Your task
Copy out each line of the material exactly. Pictures do not belong in the copy.

Information provided
--------------------

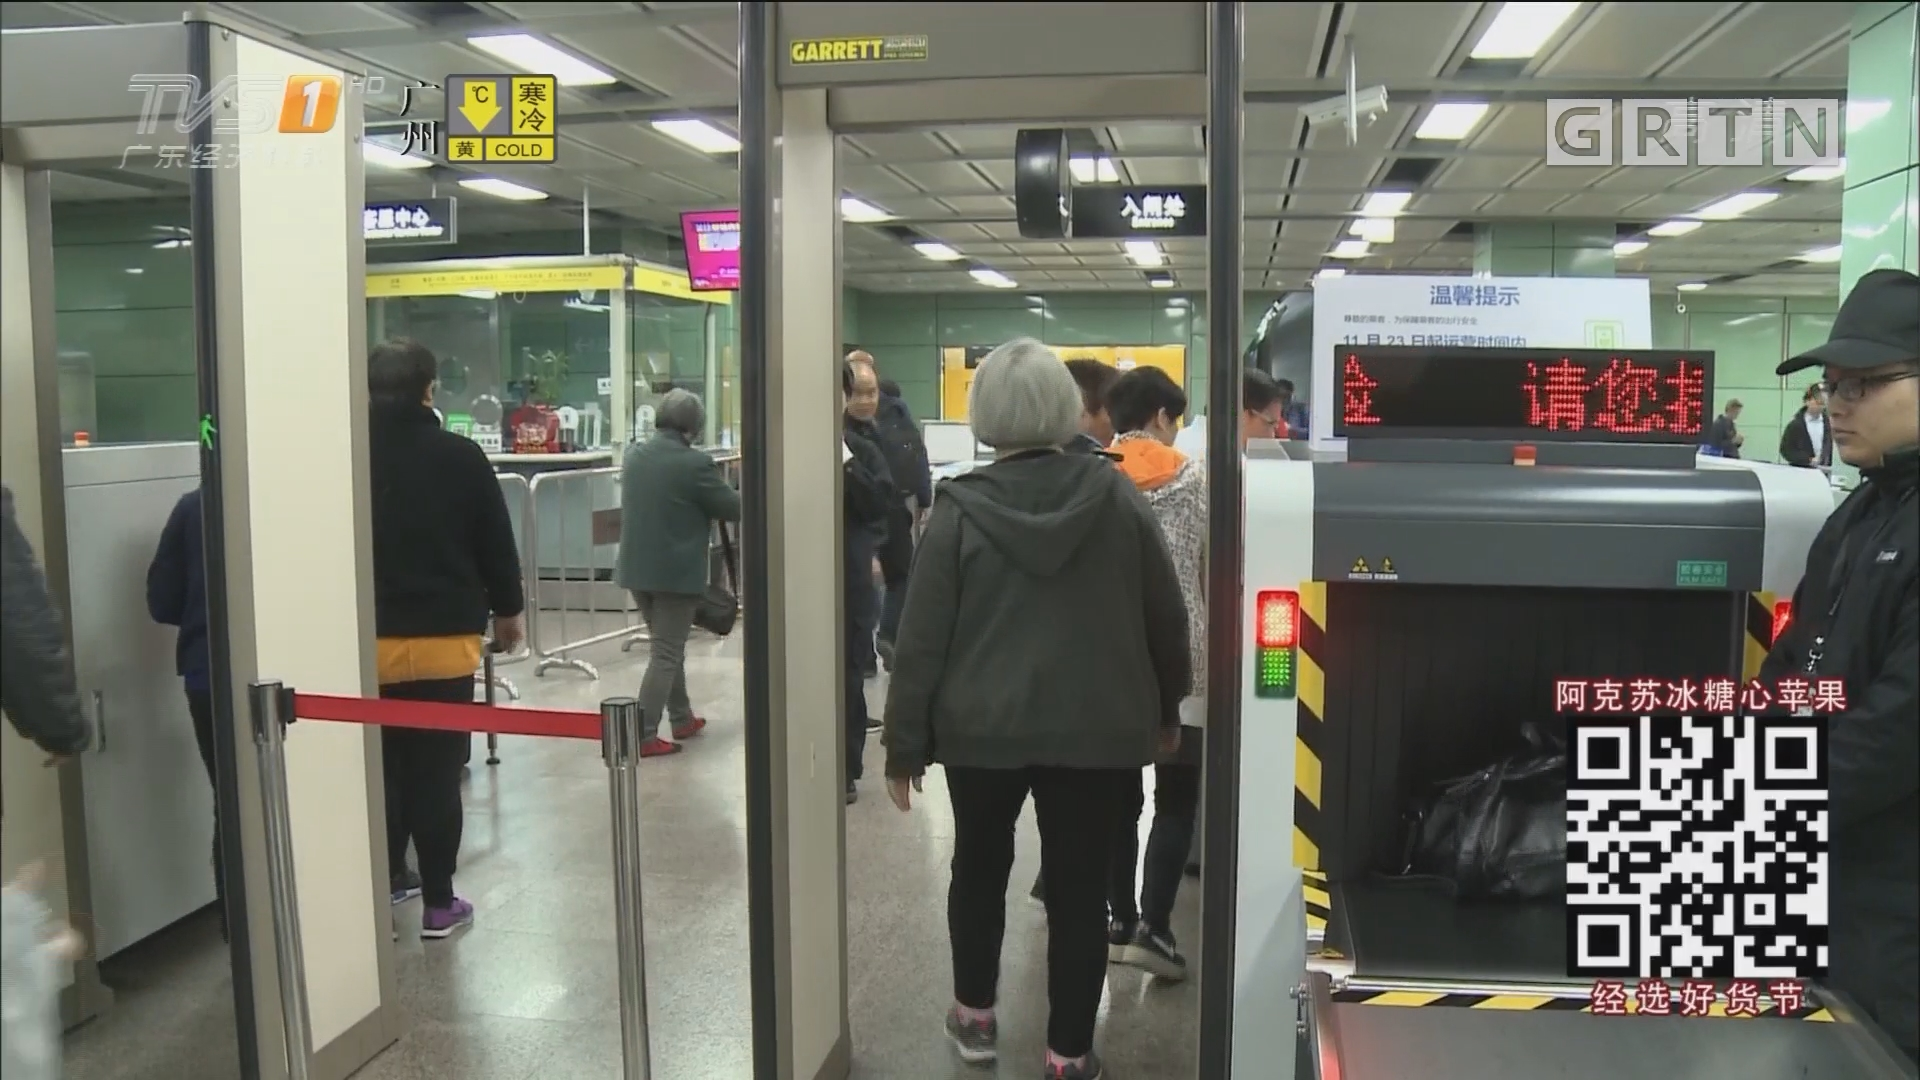 广州:今起地铁增17站点升级安检 涉5条地铁线
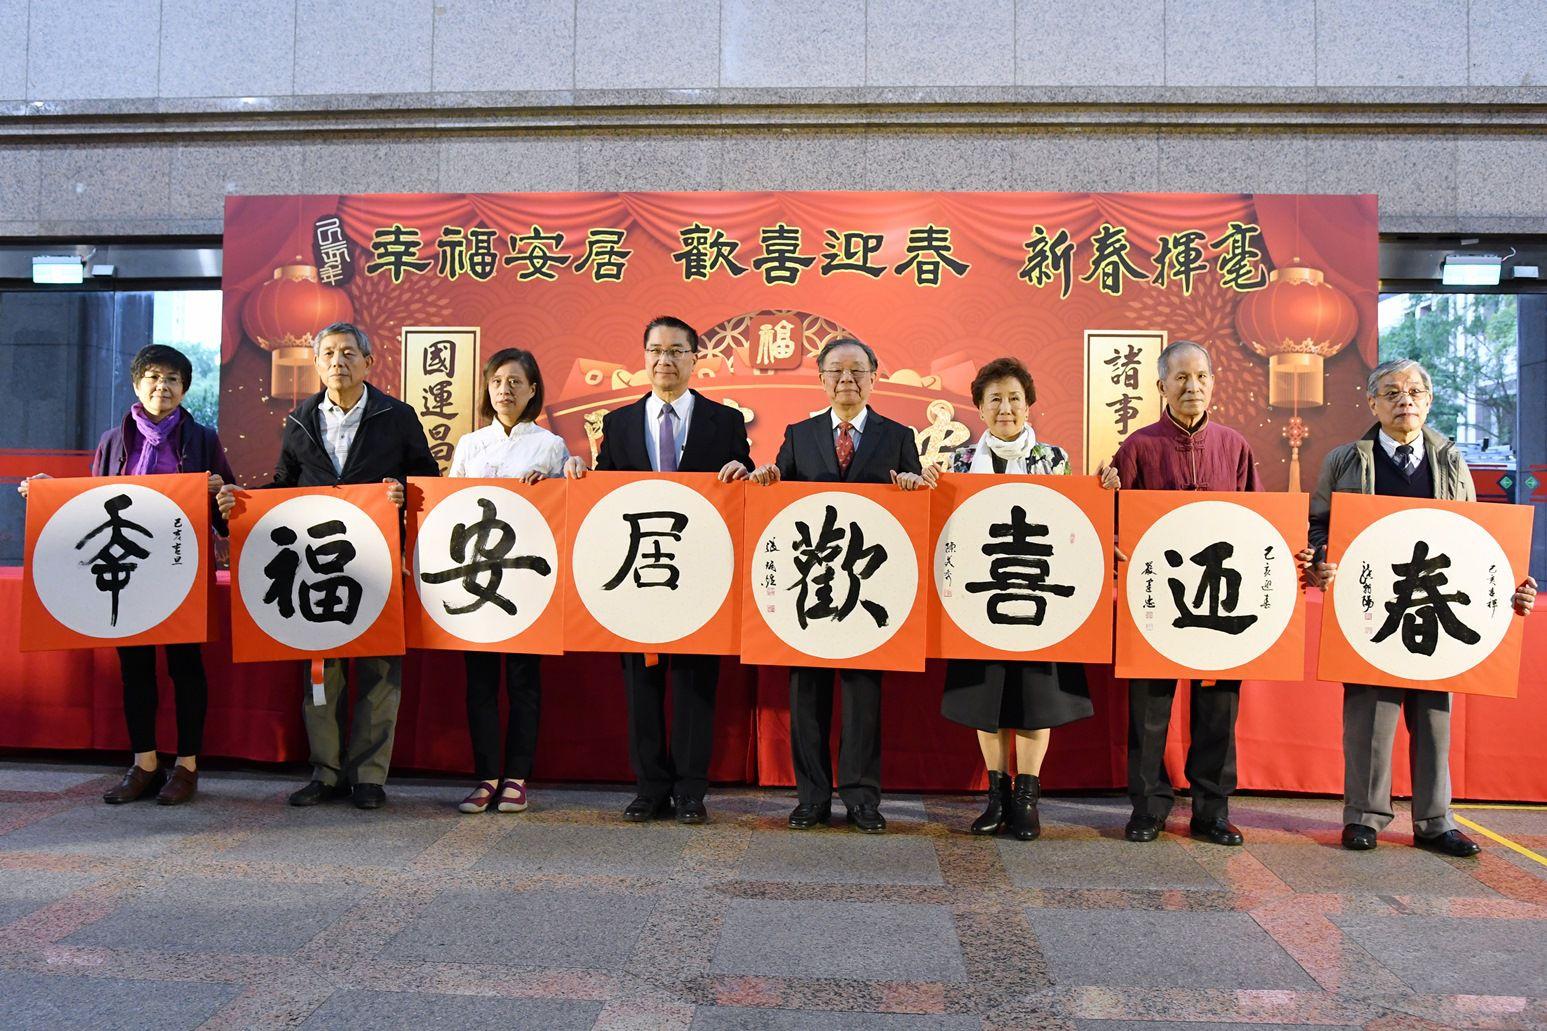 內政部長徐國勇(中)與書法名家開筆書寫「幸福安居 歡喜迎春」
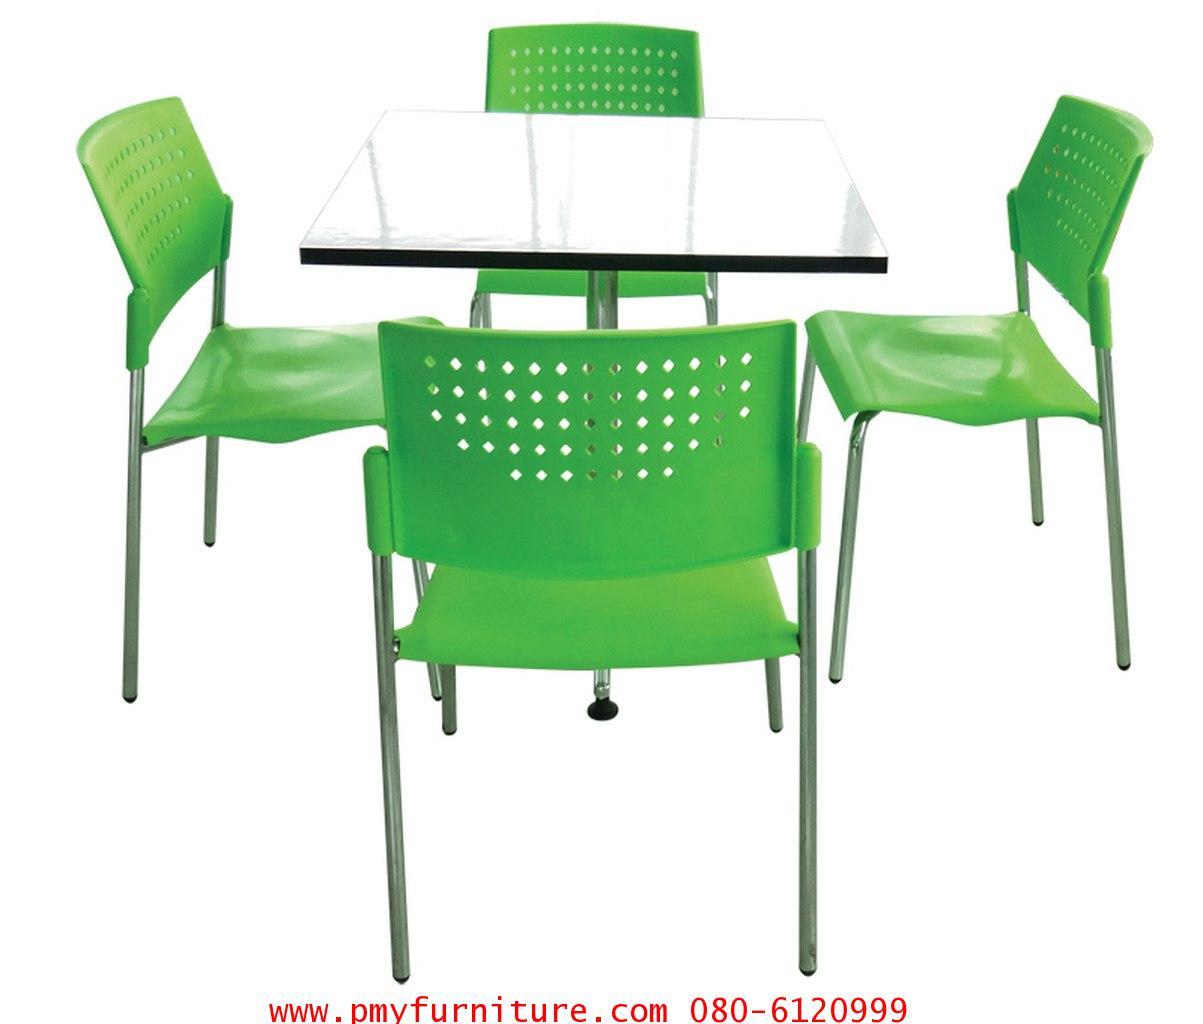 pmy6-6 ชุดโต๊ะเก้าอี้ STB 215-1
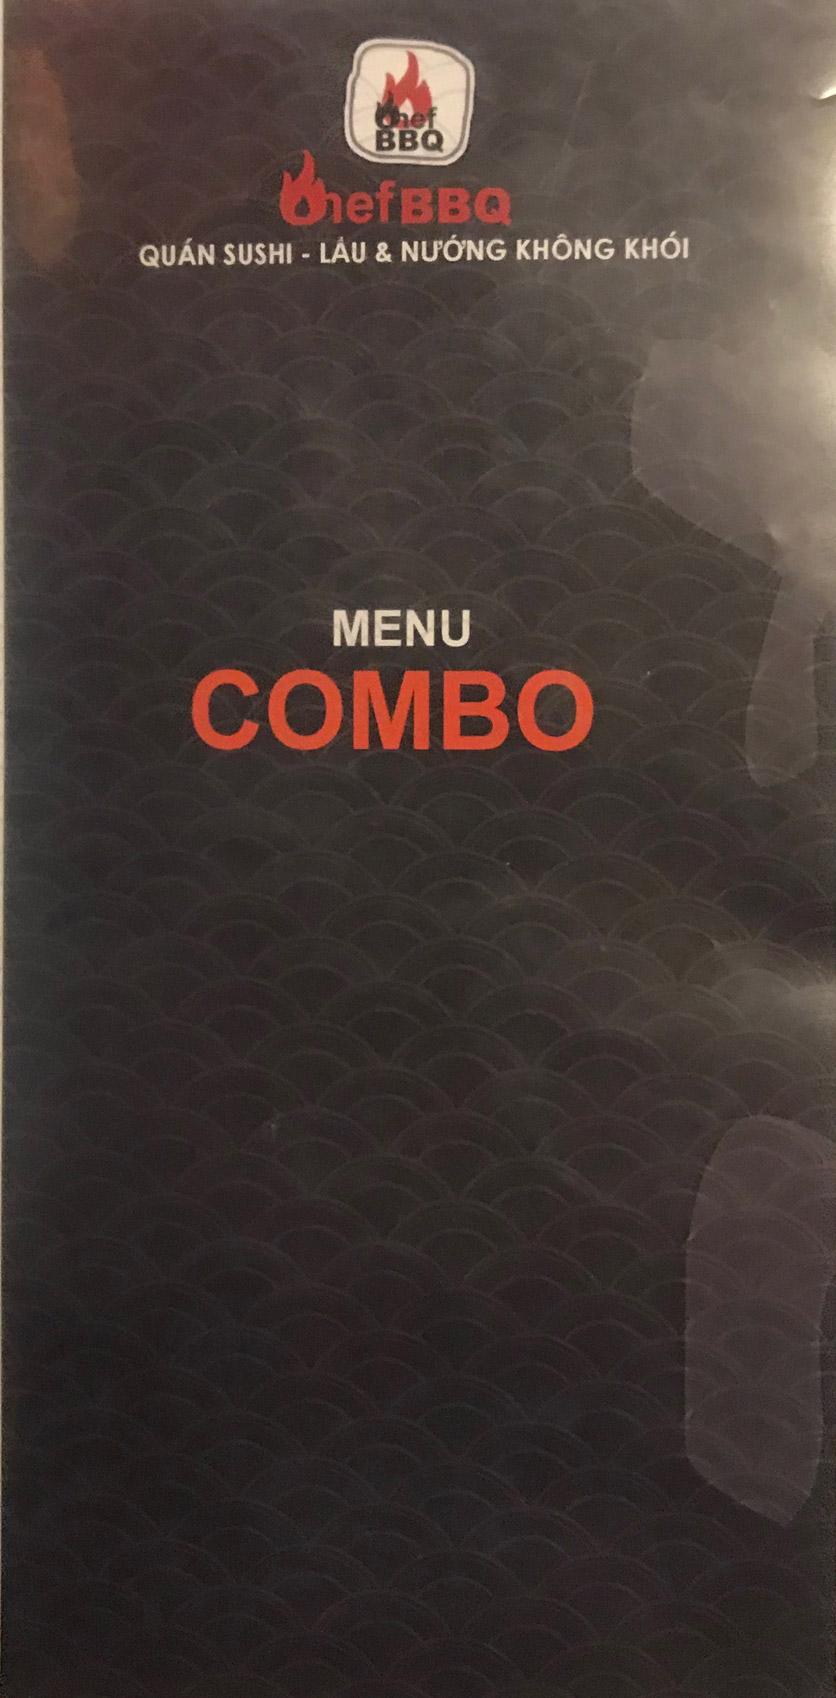 Menu Chef BBQ - Nghĩa Tân 18

--------------------

Written solution
 广州:今起地铁增17站点升级安检 涉5条地铁线
 內政部長徐國勇(中)與書法名家開筆書寫「幸福安居 歡喜迎春」
 pmy6-6 ชุดโต๊ะเก้าอี้ STB 215-1
 Menu Chef BBQ - Nghĩa Tân 18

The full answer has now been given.